--- TASK OBJECTIVE ---
Could you write out, exactly as they stand, only the lines in the listing below from the line with "Вязание крючком. Самое" to the line with "Galería Guatape habitaciones -4.jpg", both ends included, without the pictures?

--- EXCERPTED RECORDS ---
○ ○ ○ ○

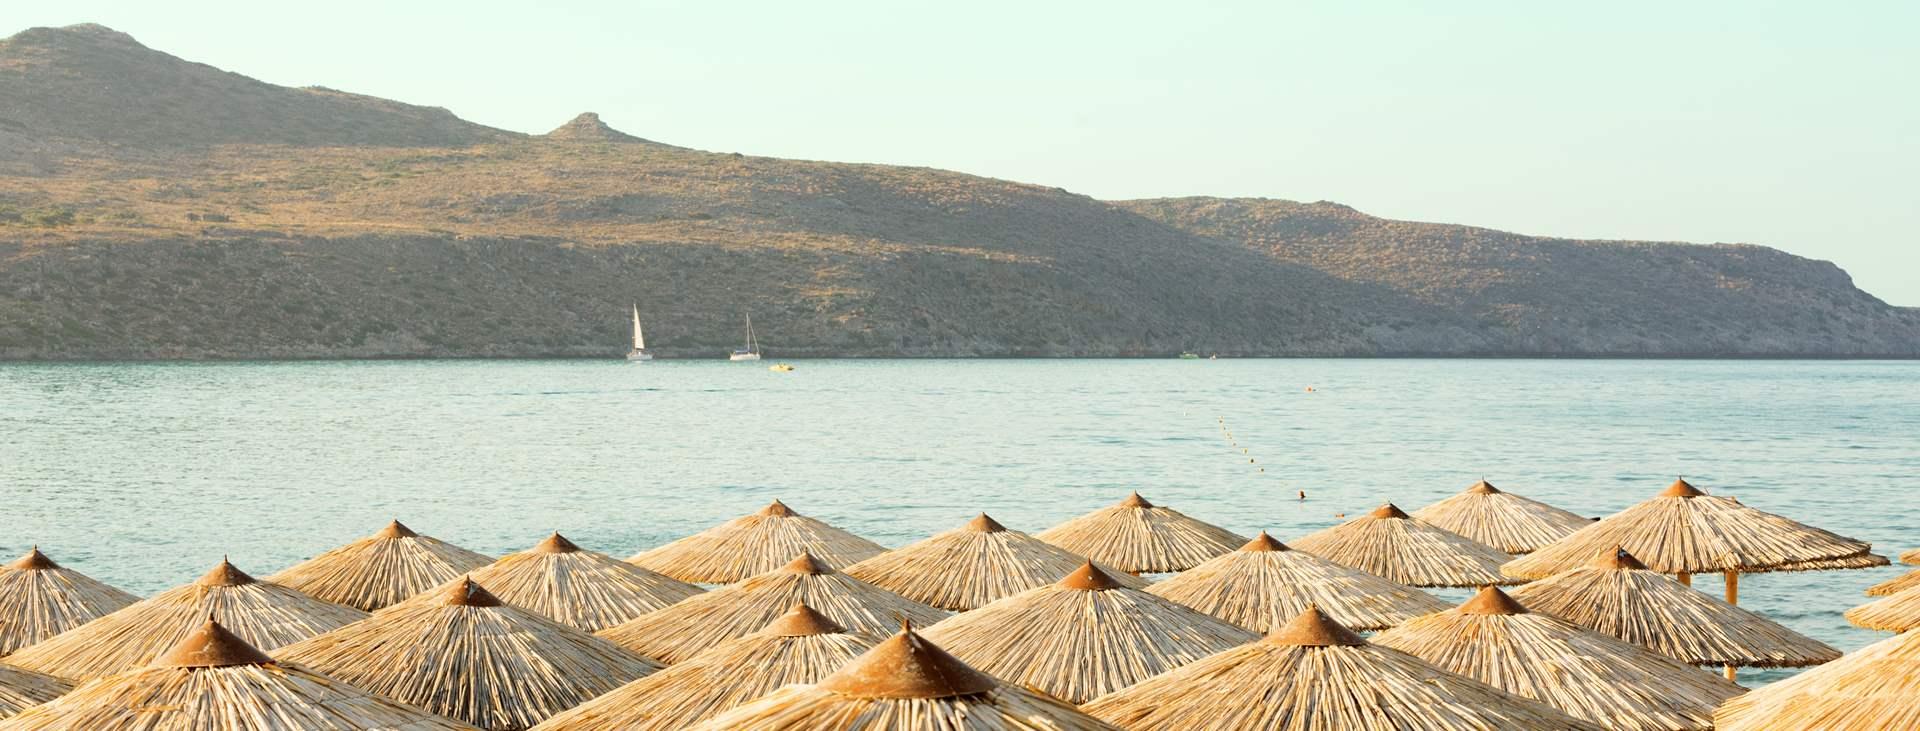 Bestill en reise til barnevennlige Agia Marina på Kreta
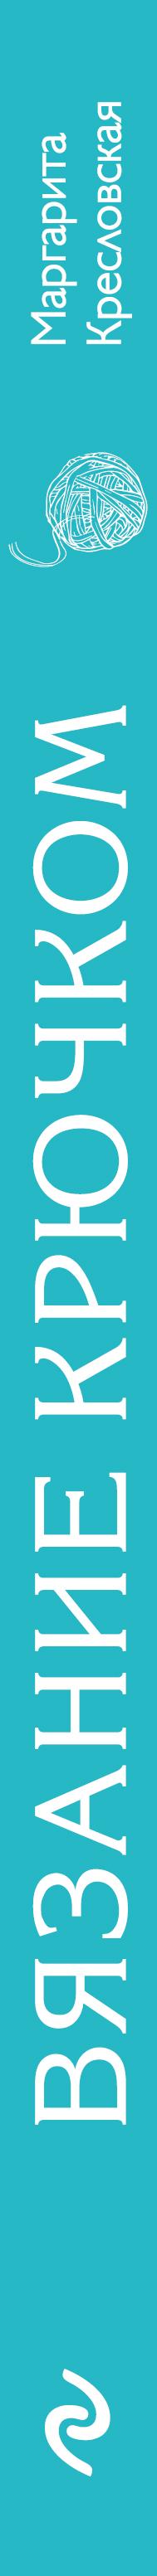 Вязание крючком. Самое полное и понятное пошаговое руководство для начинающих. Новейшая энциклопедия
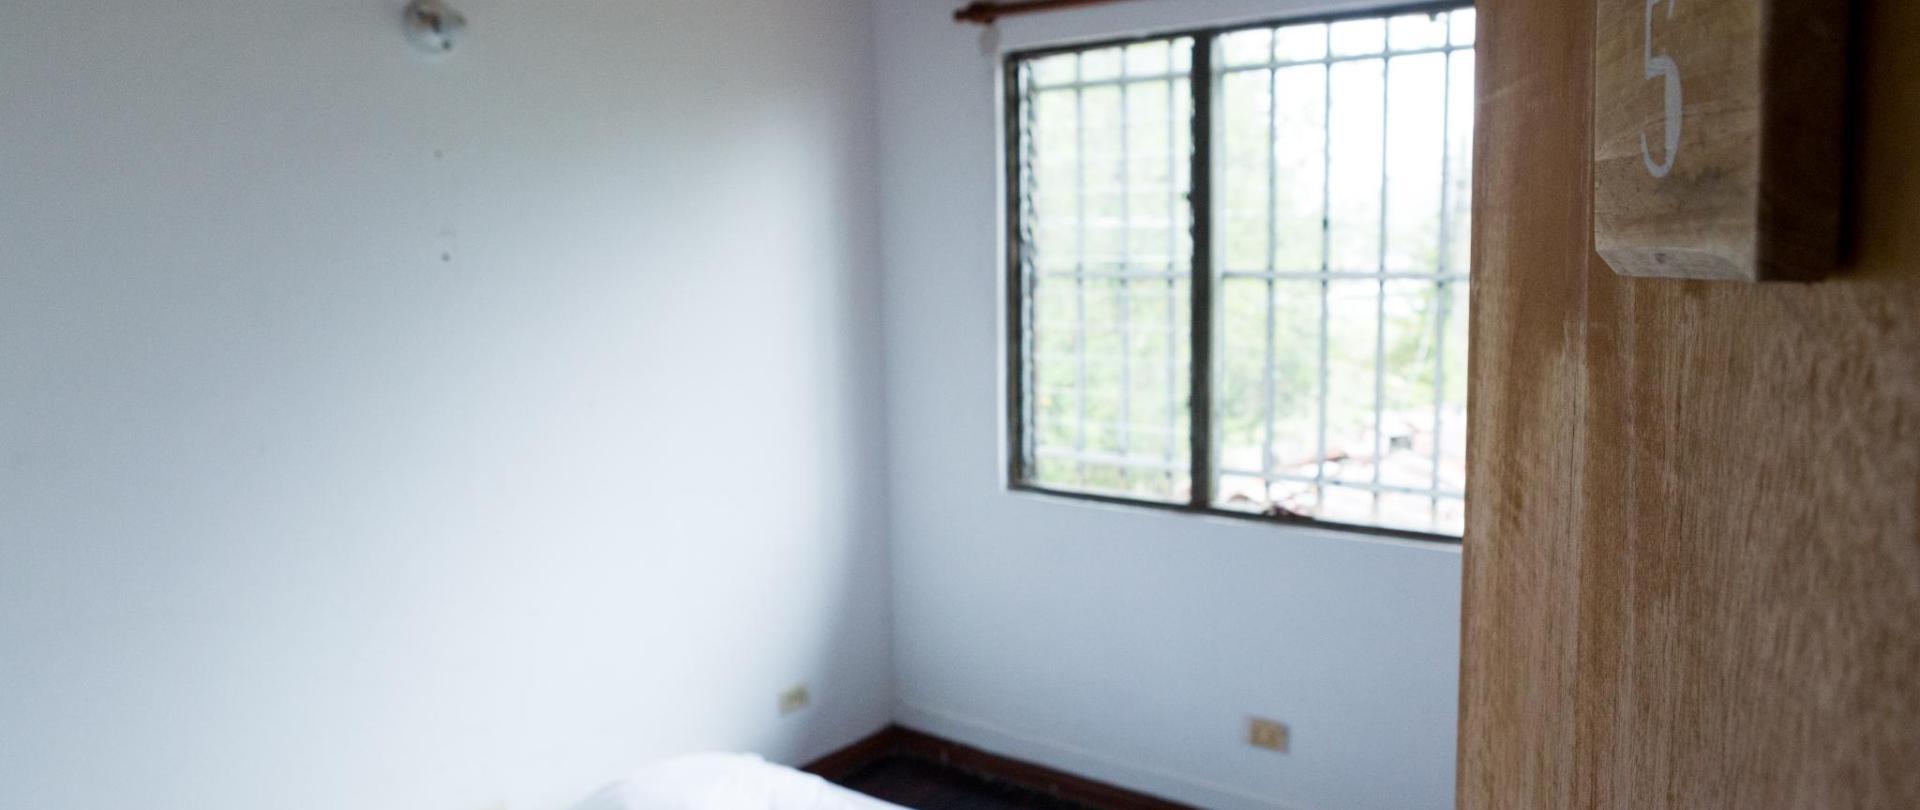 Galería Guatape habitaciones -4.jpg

○ ○ ○ ○

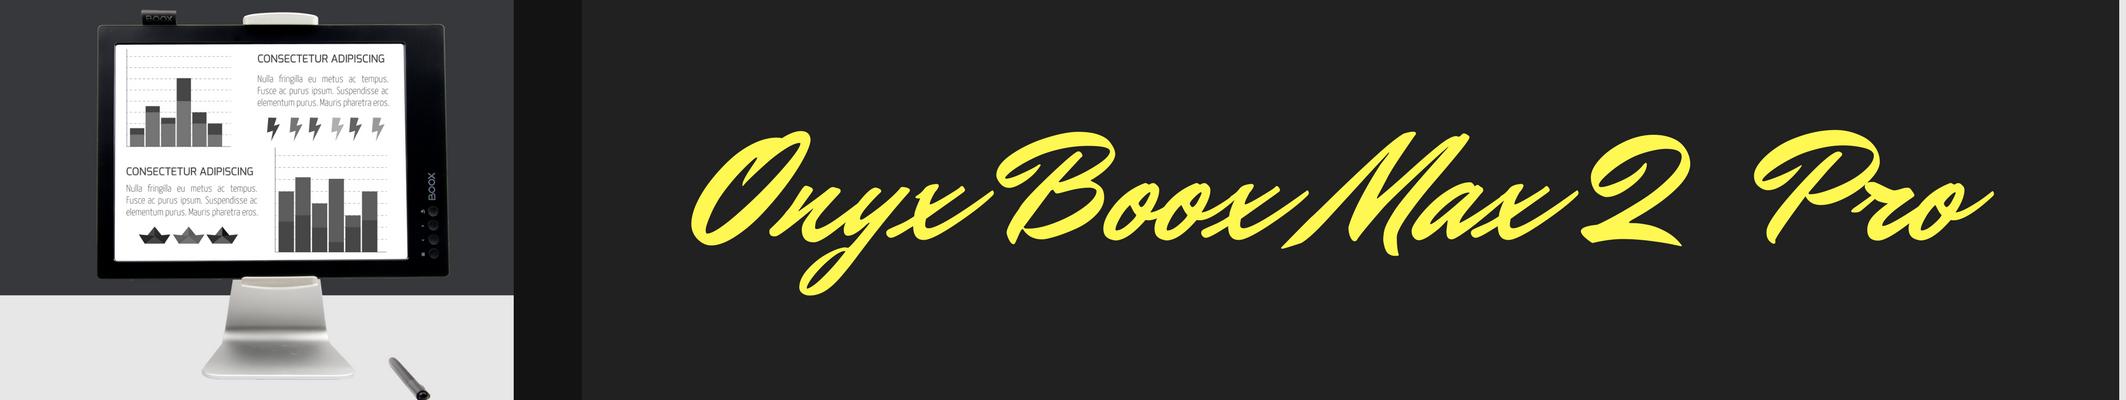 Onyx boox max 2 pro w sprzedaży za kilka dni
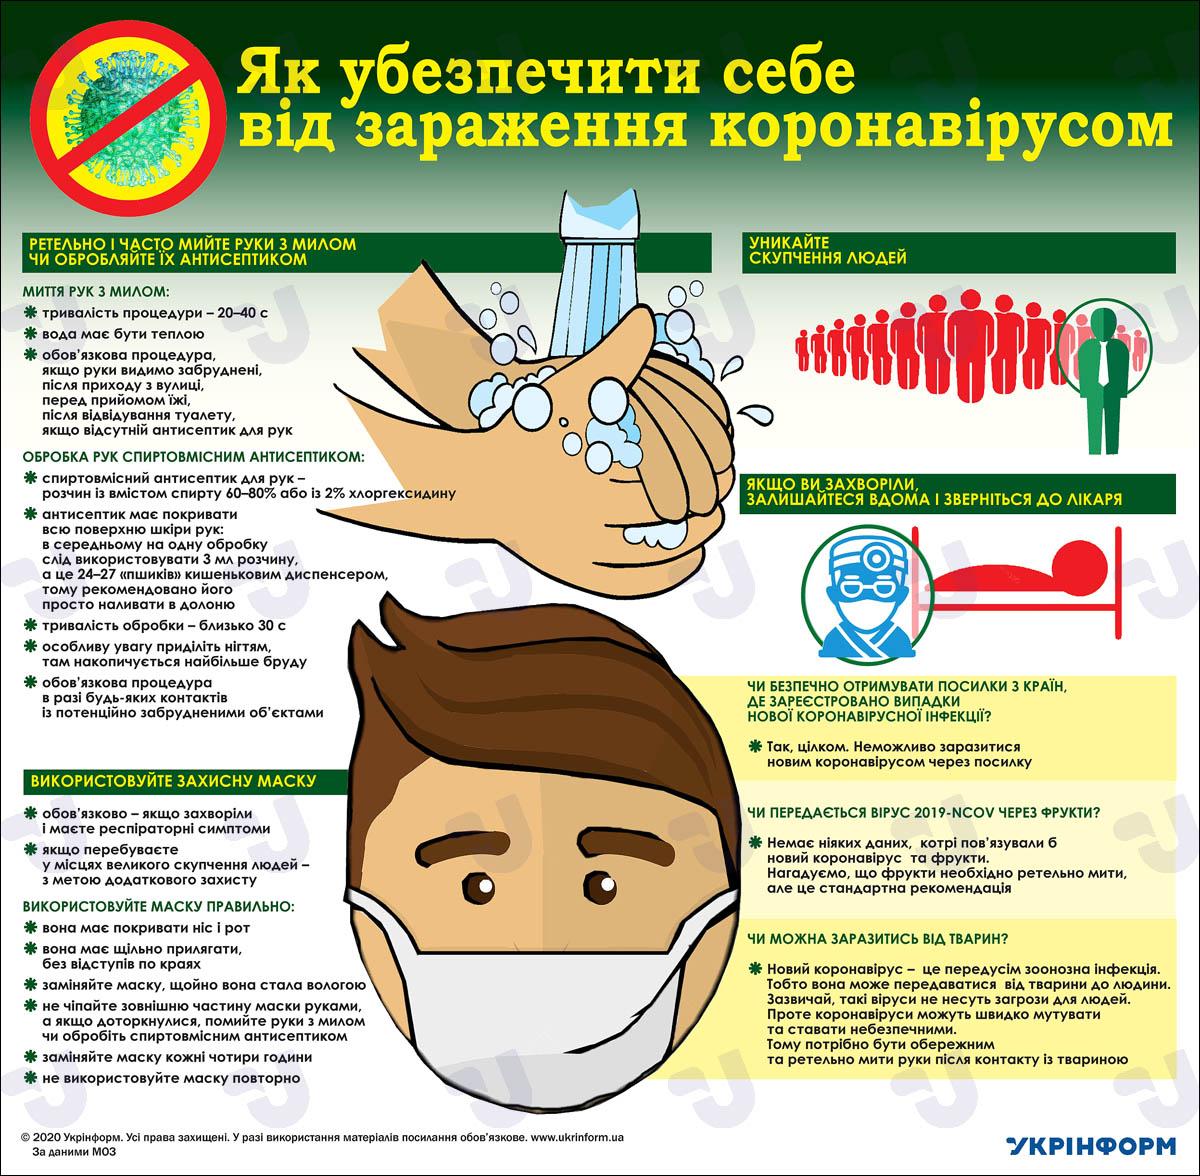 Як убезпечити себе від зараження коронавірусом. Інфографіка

○ ○ ○ ○

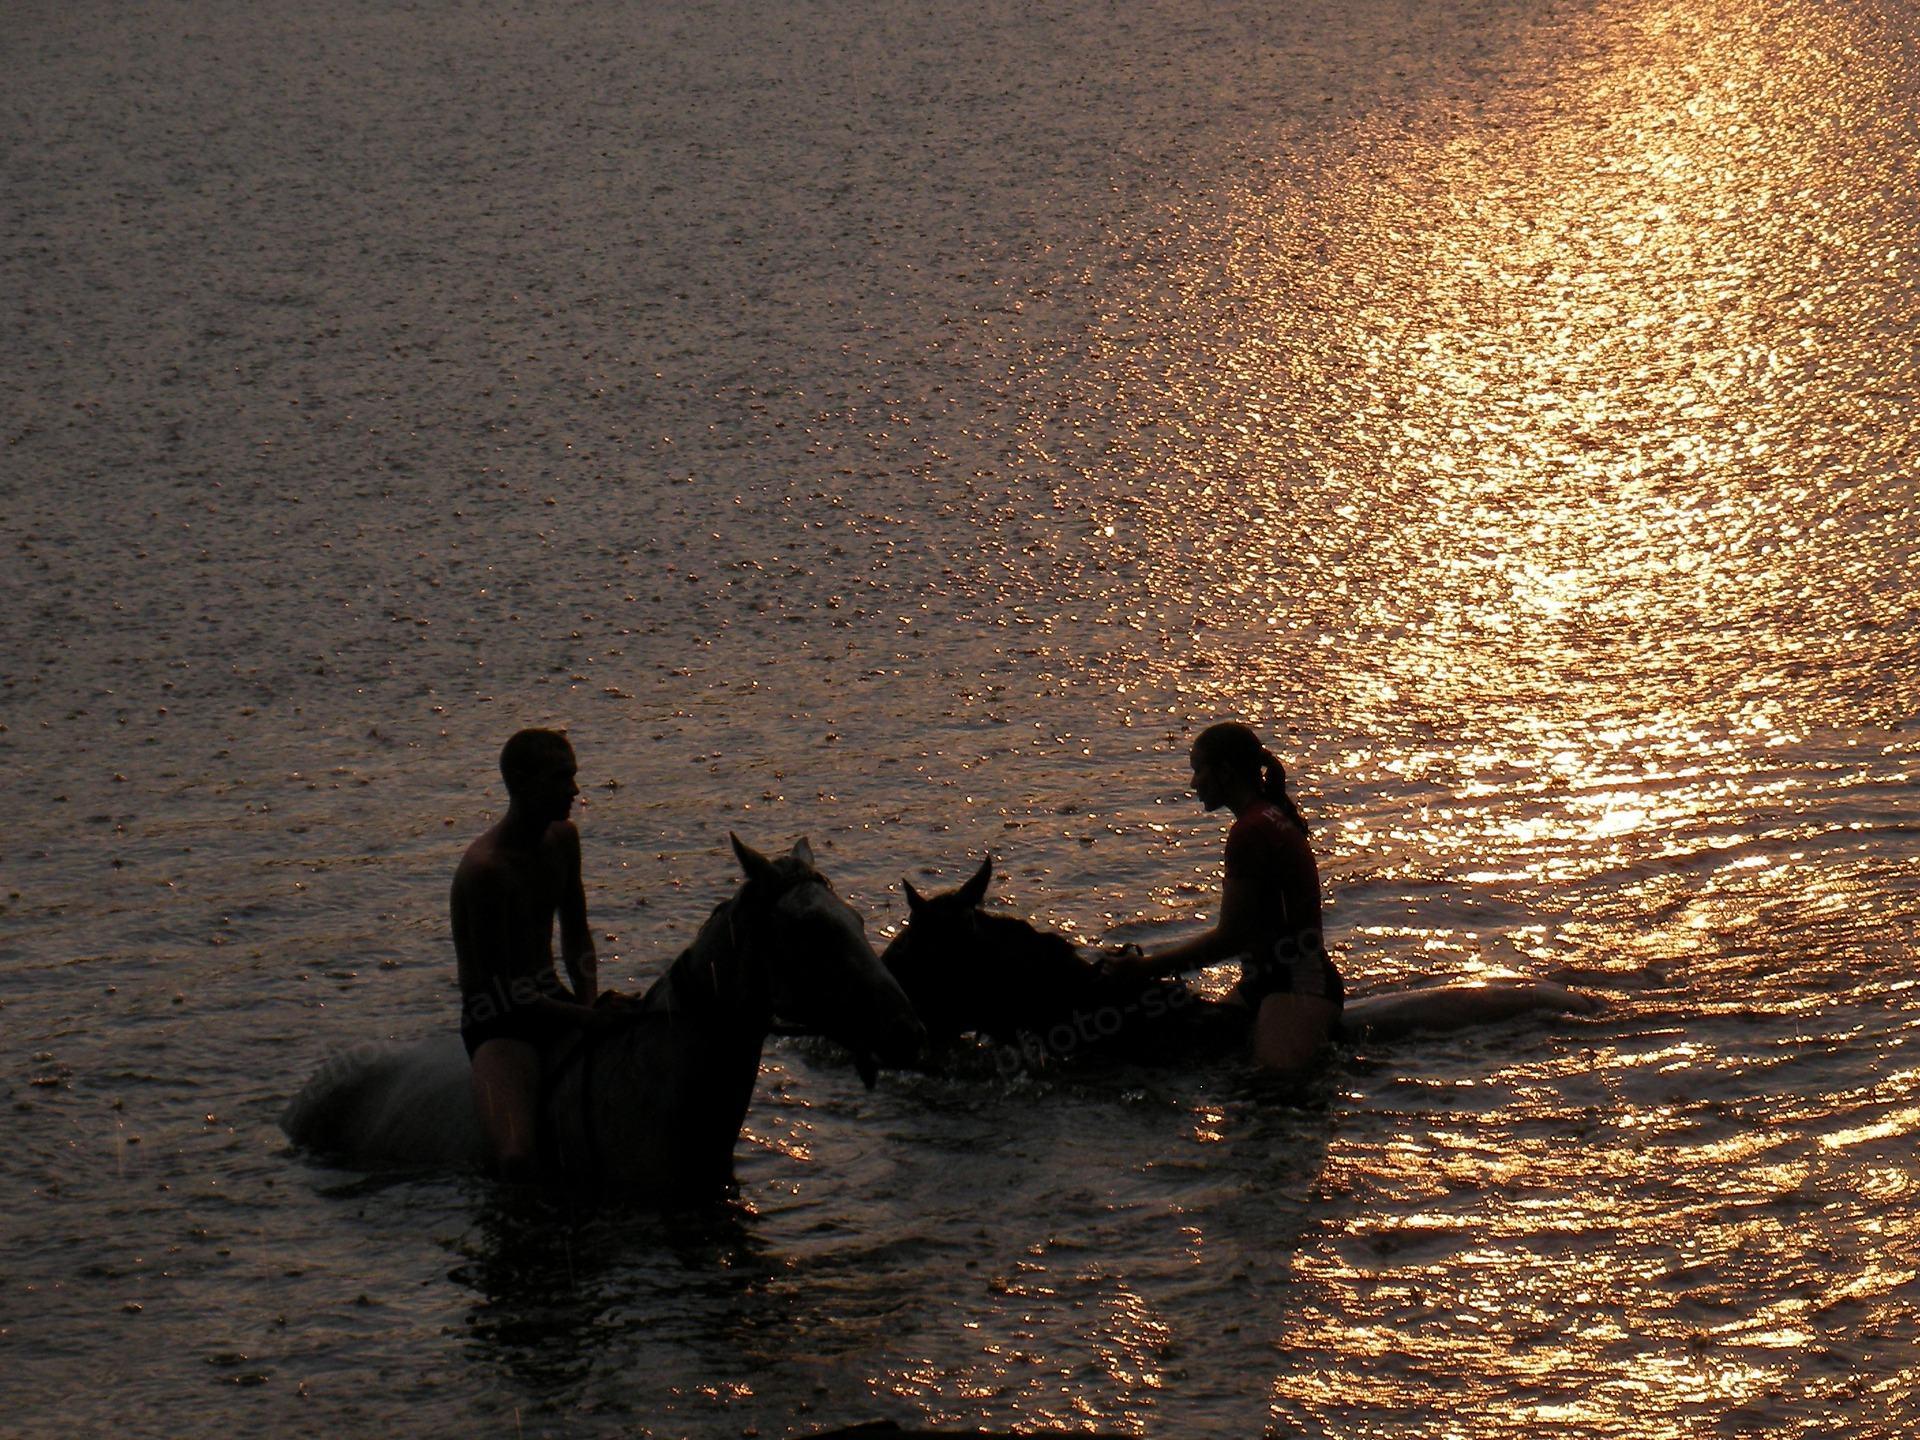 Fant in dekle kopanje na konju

○ ○ ○ ○

--- RESPONSE FOR THIS EXERCISE ---
 Вязание крючком. Самое полное и понятное пошаговое руководство для начинающих. Новейшая энциклопедия
 Galería Guatape habitaciones -4.jpg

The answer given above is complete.